| Work to be completed |
What must be handed in is the entire listing, exactly as written, with no pictures.

| Information provided |
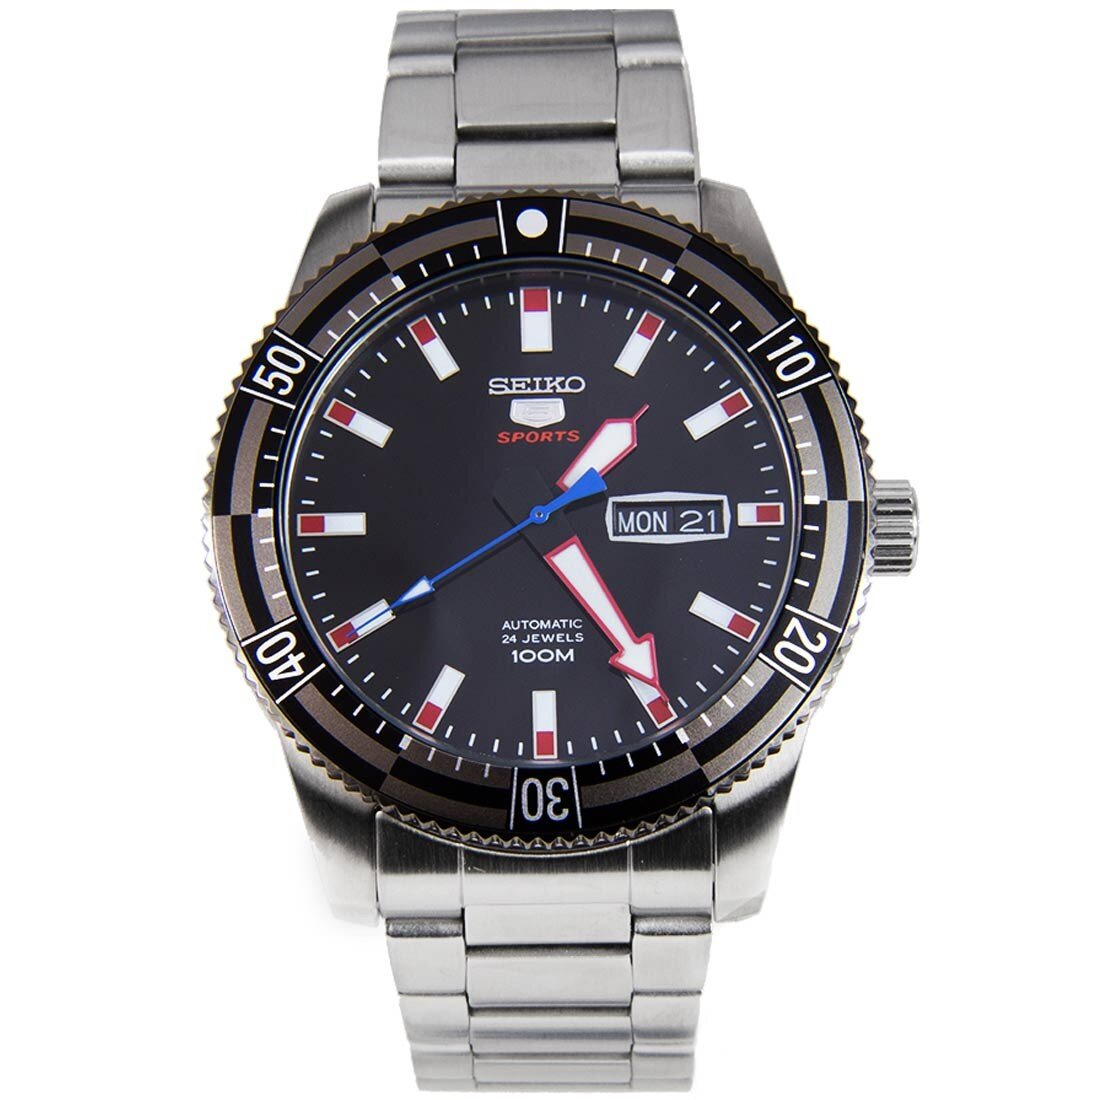 Đồng hồ Seiko SRP735K1
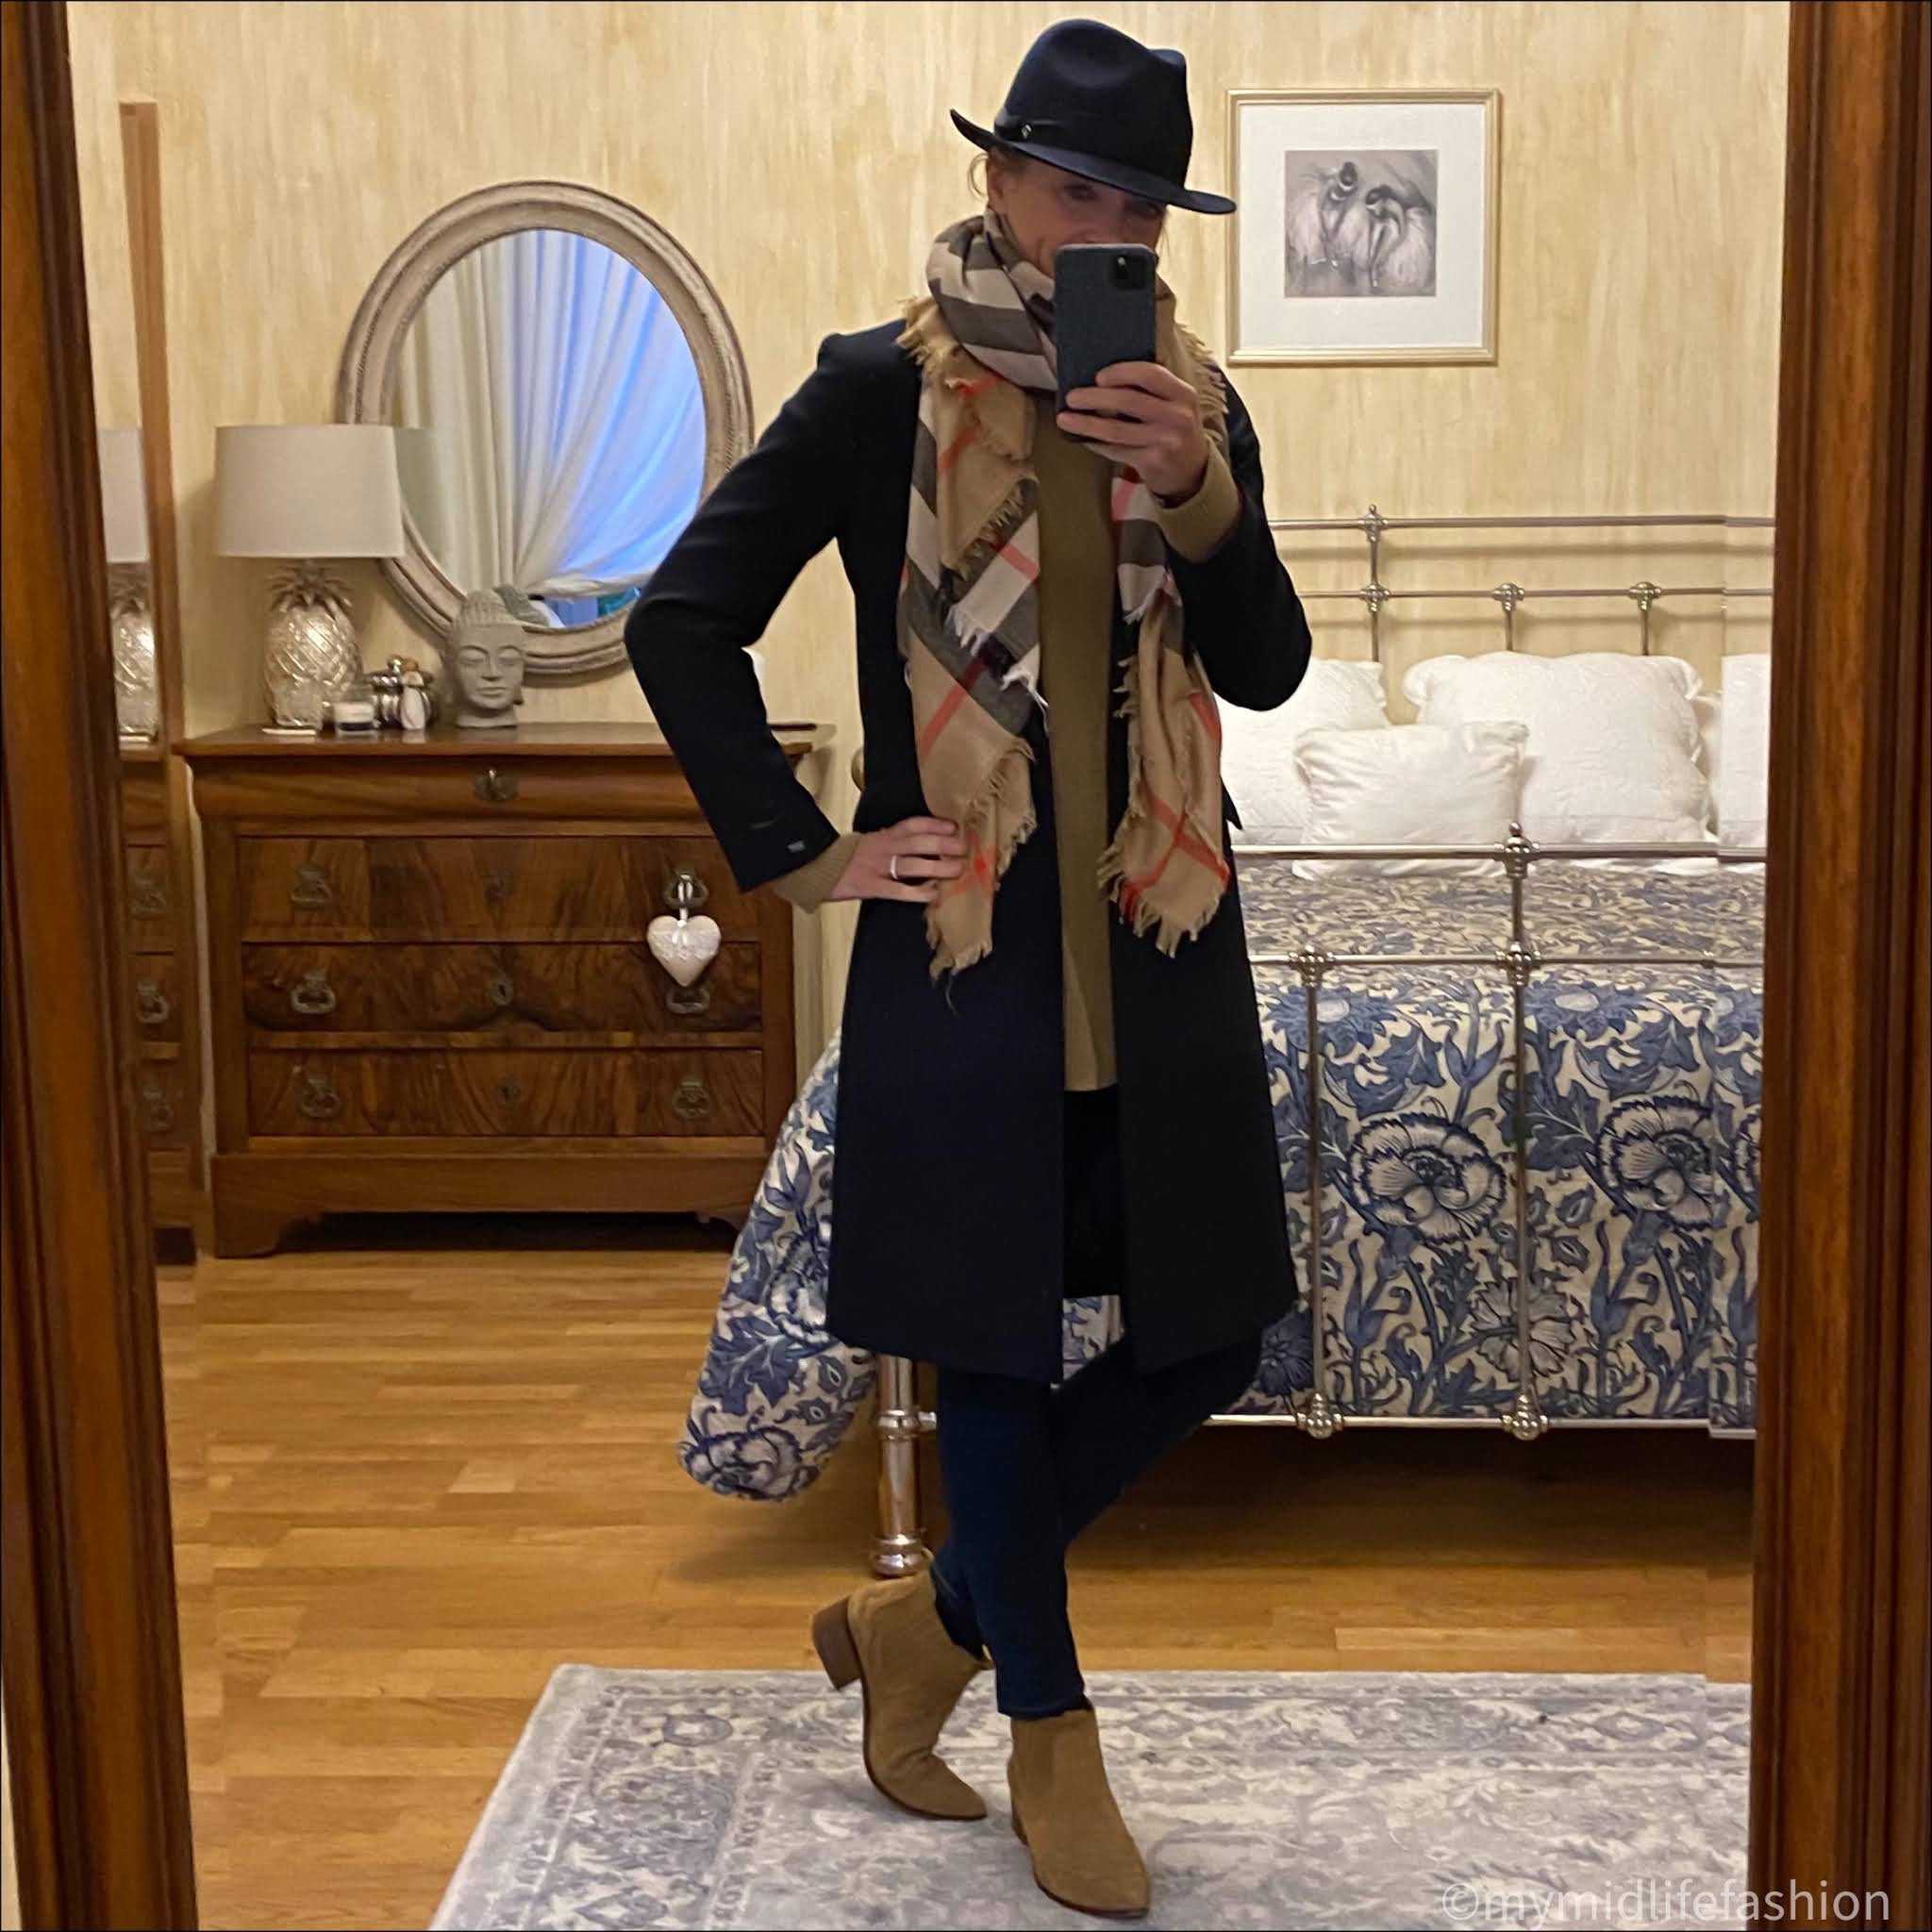 my midlife fashion, baukjen tamara jumper, felt fedora hat, Burberry oversized scarf, Tommy Hilfiger coat, j crew 8 inch toothpick skinny jeans, zara western heel cowboy ankle boots
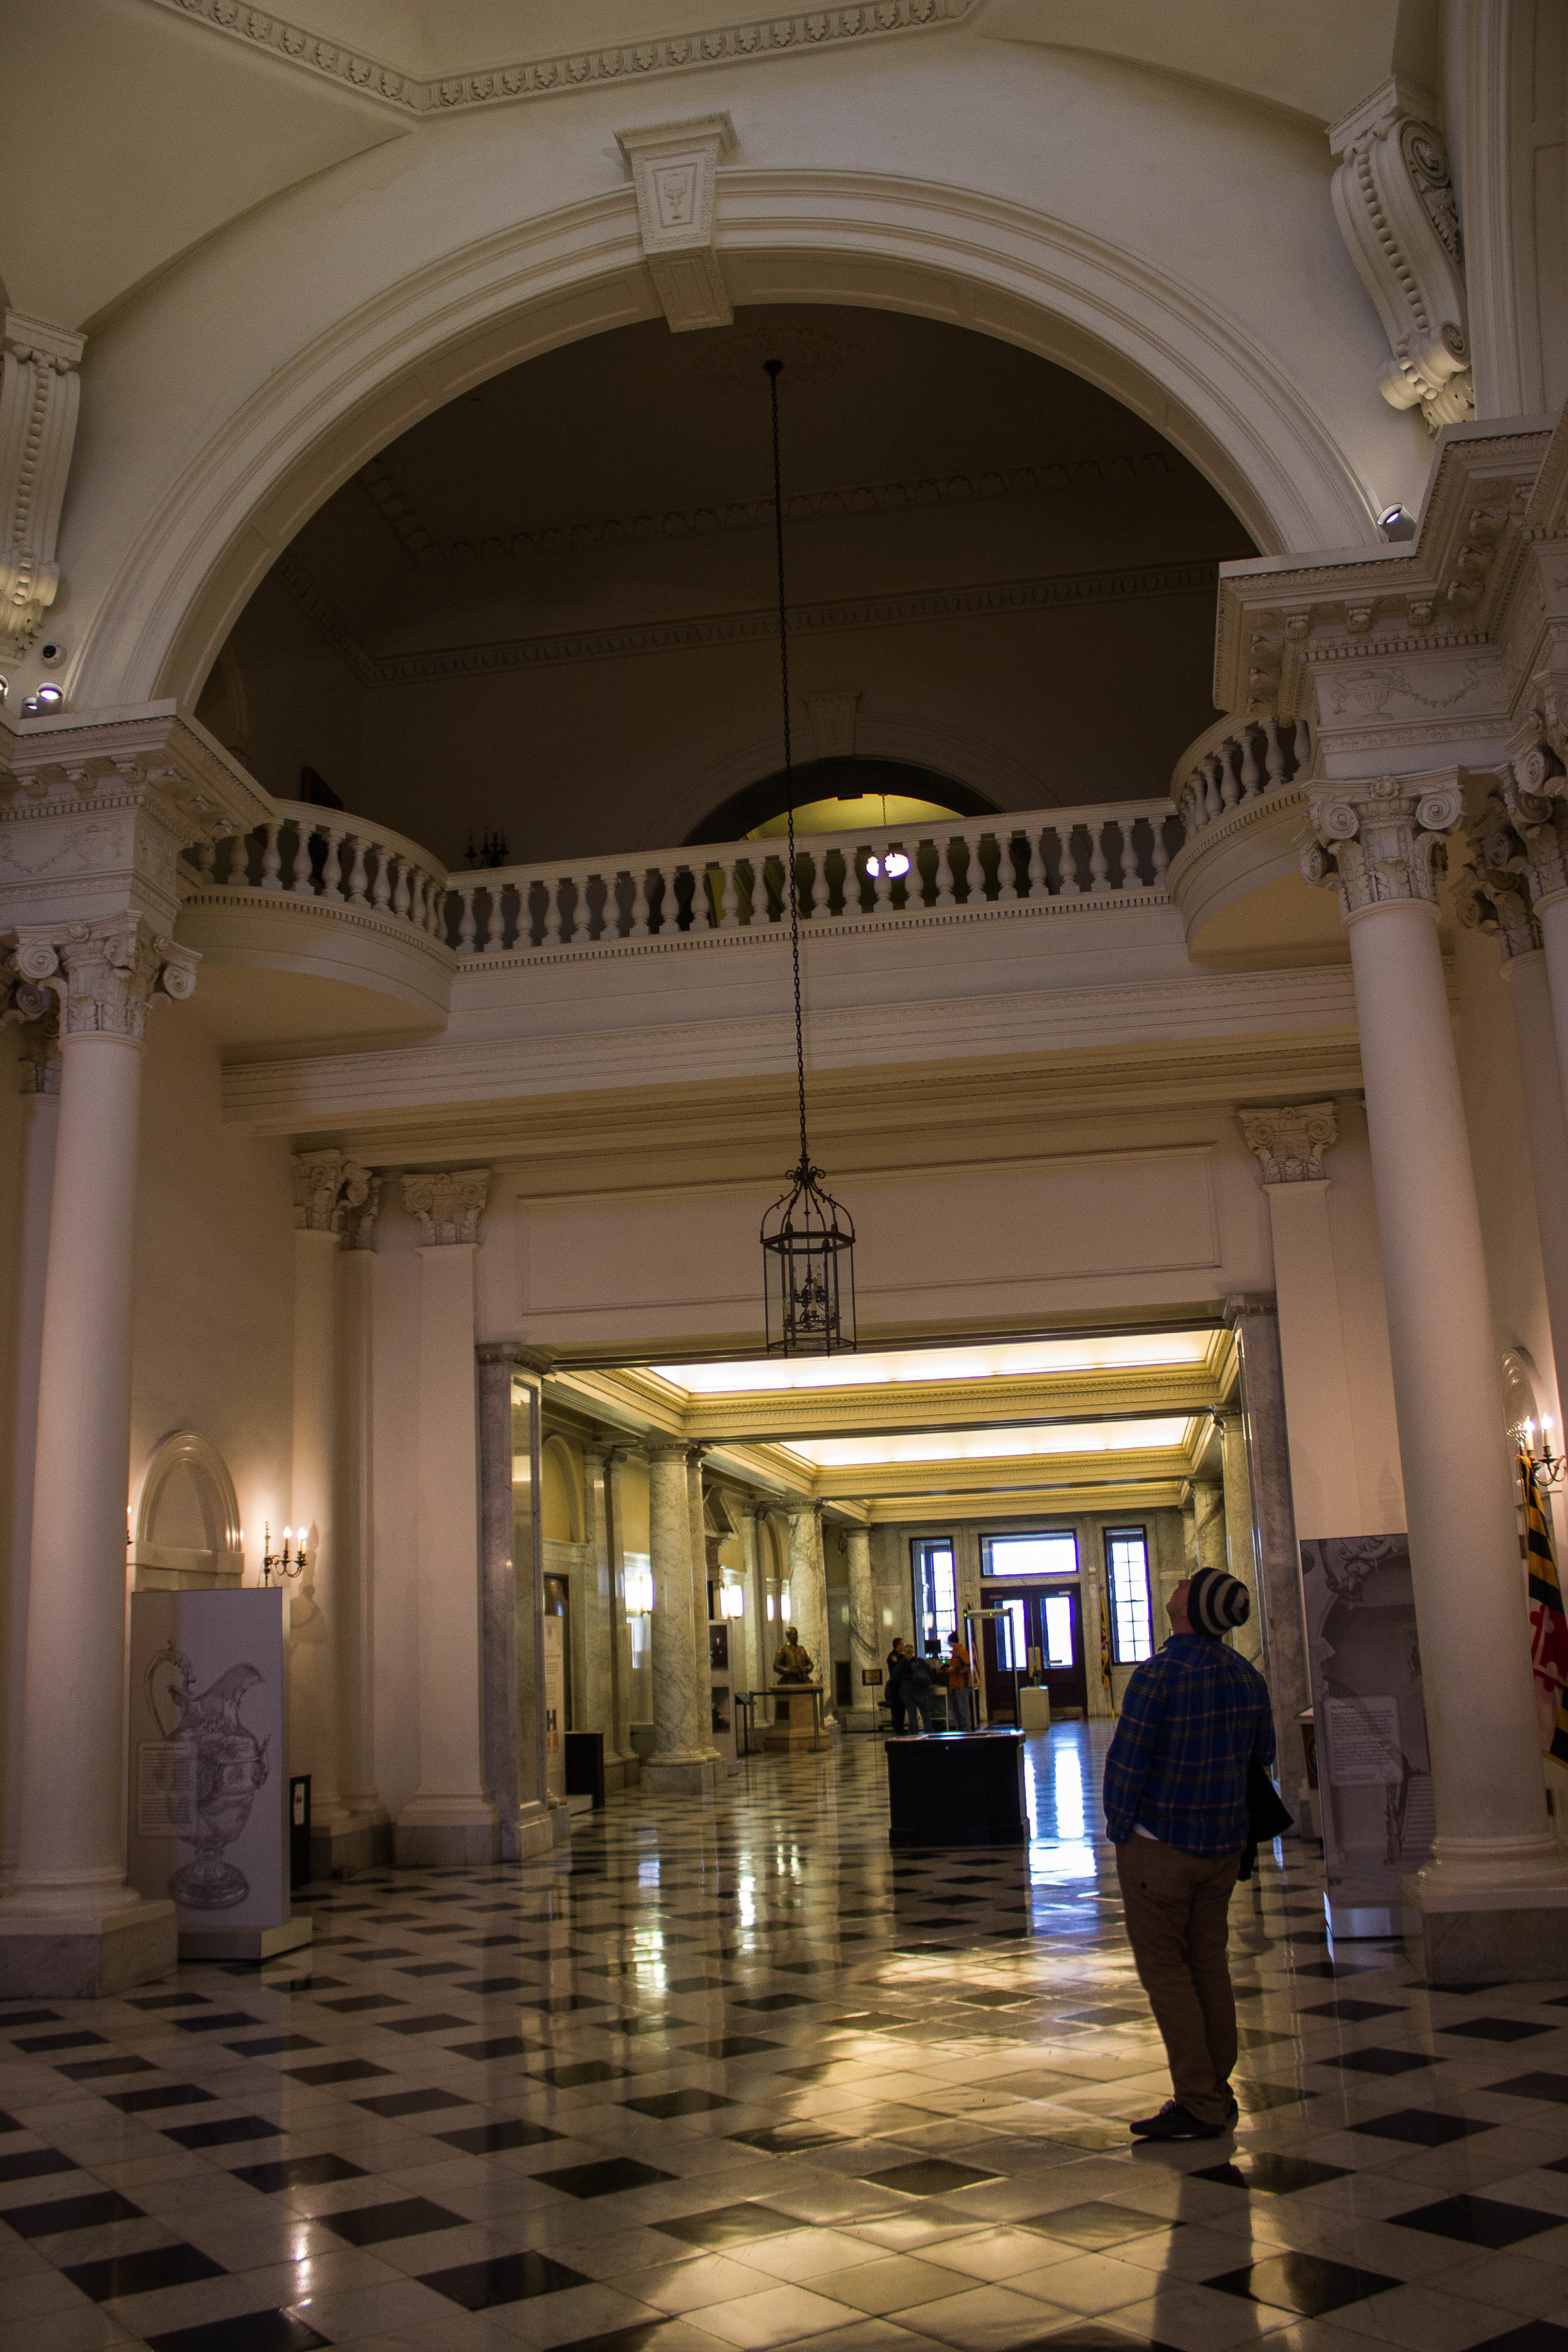 annapolis-state-house-interior.jpg

| Written reply |
 Đồng hồ Seiko SRP735K1
 my midlife fashion, baukjen tamara jumper, felt fedora hat, Burberry oversized scarf, Tommy Hilfiger coat, j crew 8 inch toothpick skinny jeans, zara western heel cowboy ankle boots
 annapolis-state-house-interior.jpg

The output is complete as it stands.